Now, SFF is having another go, saying it wants shareholders to have their say. Ultimately, the SFF open poll on merging will either force the issue or remove it.
The environment has changed, with SFF no longer the financial lame duck it was, reporting equity as at September 30 of 70% and debt of $118 million, compared with 2007, when equity was 35.2% and debt $334 million.
Mr Poole calculated the Concept plan would add $5 to $10 to the price of a lamb received by farmers and benefits of $400 million would start being generated within 12 months.
Conversely, SFF chairman Eoin Garden said this year merging the two co-ops could generate $100 million in savings, a figure Mr Poole disputes as "grossly overstated", adding SFF's latest merger proposal would not address "any recognised financial hurdles".
Mr Garden claims AGL does not acknowledge SFF's financial transformation, saying Mr Poole keeps "defaulting to the analysis of three to four years ago", when assessing the merits of merger.
Little wonder shareholders say they are confused.
The concern must be that once again industry politics mean nothing is being done to address the wider issues of excess processing capacity, falling sheep numbers and low farmer confidence. Add into that mix the expectation meat companies will be chasing one million fewer lambs after September's killer week of storms.
Mr Poole is quite right when he says a new entity representing 75%-80% of the meat industry is needed to drive change, and that merging the two co-operatives to form just over 50% of the industry is not on its own sufficient to alter behaviour.
It would, nonetheless, be a start, but the game cannot end there.
To drive change, farmers must also commit all their livestock to one of the co-operatives, ending the Sunday auction between buyers.
Mr Poole said earlier this year committing stock to a single co-operative would force industry consolidation and ensure an enlarged co-operative would not be lumped with the costs of plant closures.

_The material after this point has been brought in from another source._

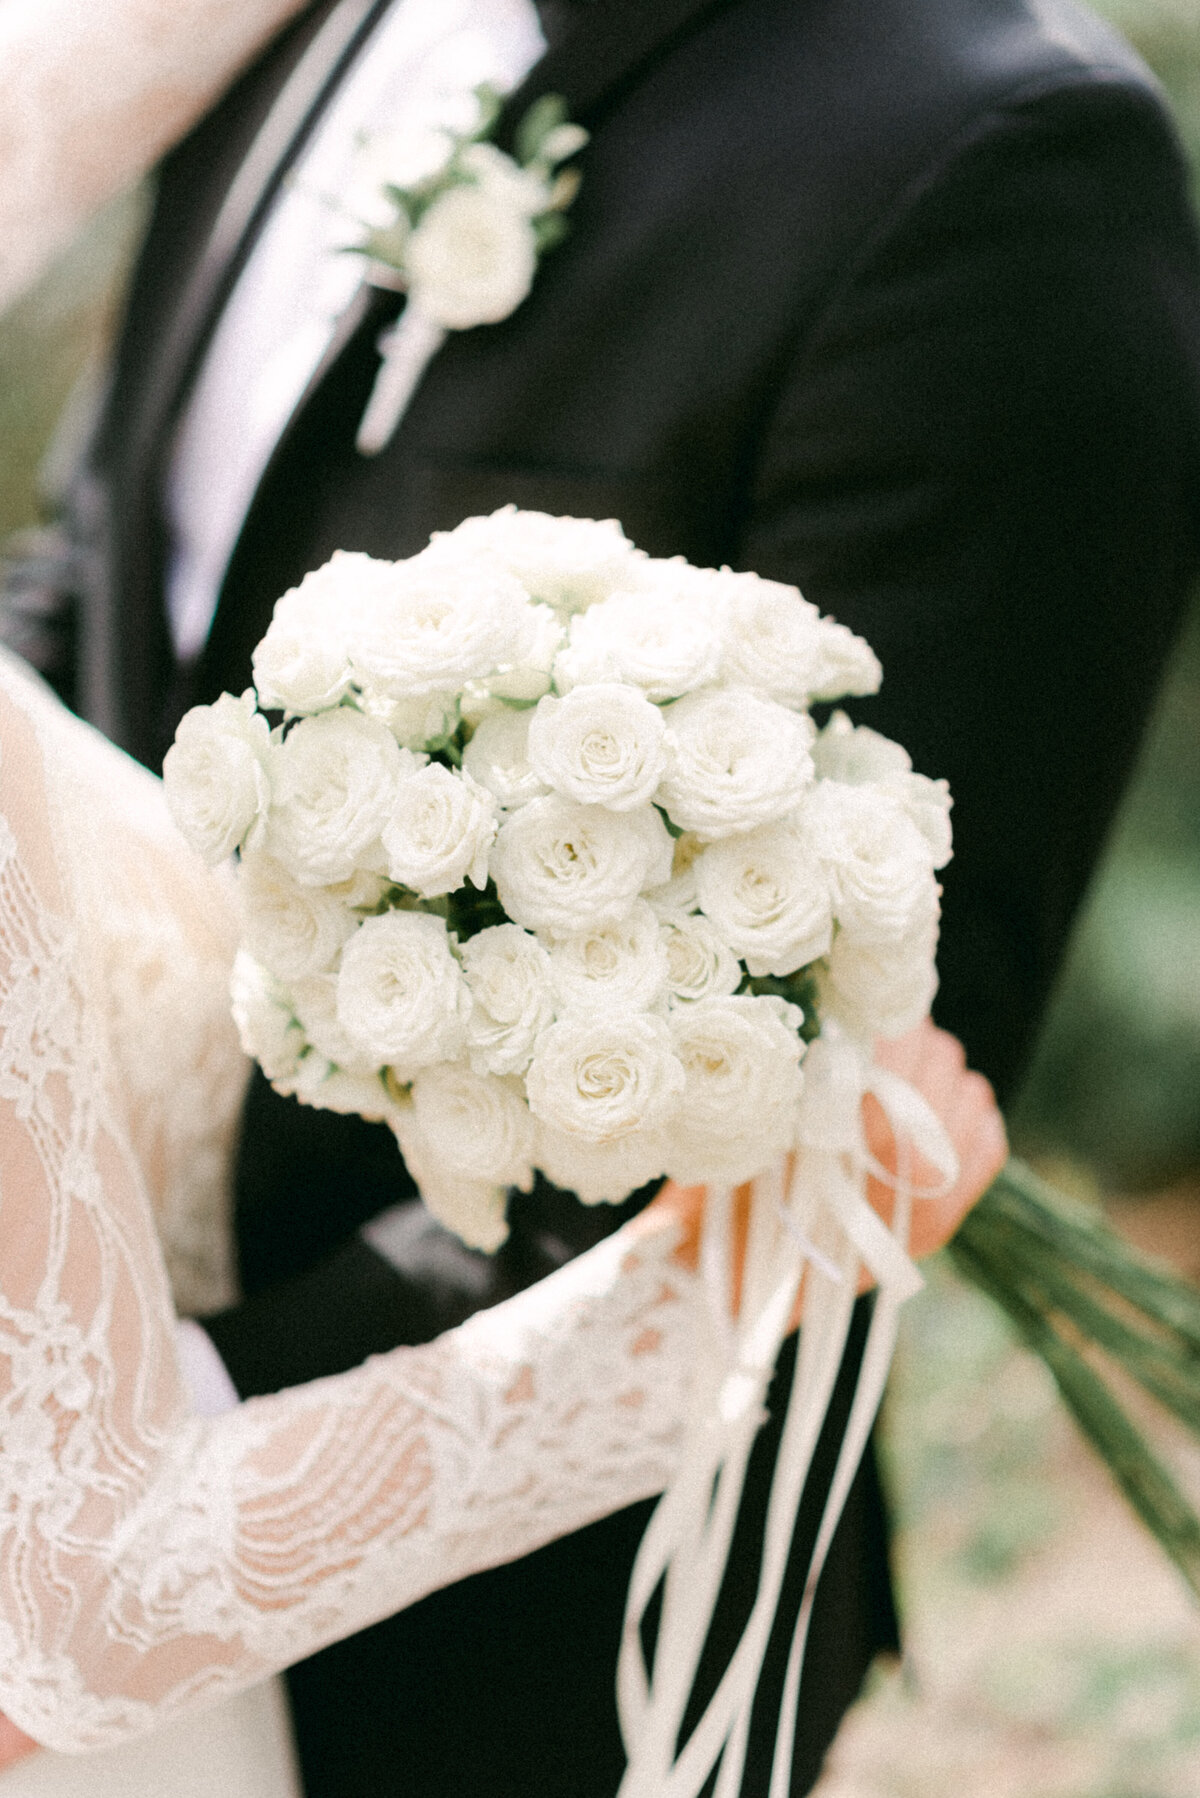 A close up image of a  bride holding a wedding bouquet of white roses  photographed by wedding photographer Hannika Gabrielsson.

Farmer-owned co-operatives are the only avenue through which wider industry issues can be addressed, as privately owned or publicly listed companies do not have the same interests at heart as co-ops.
The recent takeover of Affco by the private and publicity-shy family-owned Talley's Group means, given its track history, it will always stay outside industry initiatives, evident by Affco being the only major meat company not involved in a partially publicly funded ovine-processing technology project.
This just leaves Anzco Foods, majority-owned by Japanese interests, as the only other substantial player along with a host of smaller companies.
The big fear is once again there is no resolution and the issue of meat industry structure continues to fester and soak up time, energy and money.
So why don't the two co-operative settle the issue once and for all? Would it not be best to replace supposition with fact by commissioning an independent analysis, then let the shareholders make up their own mind? It is, after all, their industry and futures which are at stake.
THE CO-OPS
Alliance Group, Invercargill
• Co-operative established 1948.
• 5500 shareholders and nine processing plants.
• Turnover for year to September 30, 2009, $1.5 billion.
• Net operating profit before tax and pool payments of $42.1 million.
Silver Fern Farms, Dunedin
• Co-operative established 1948 as market company Primary Producer Co-operative Society. Name changed 2008.
• 18,000 farmer shareholders operating 21 plants.
• Turnover for year to August 31, 2009, of $2 billion.
• Net operating profit before tax of $5.1 million excluding one-off gains.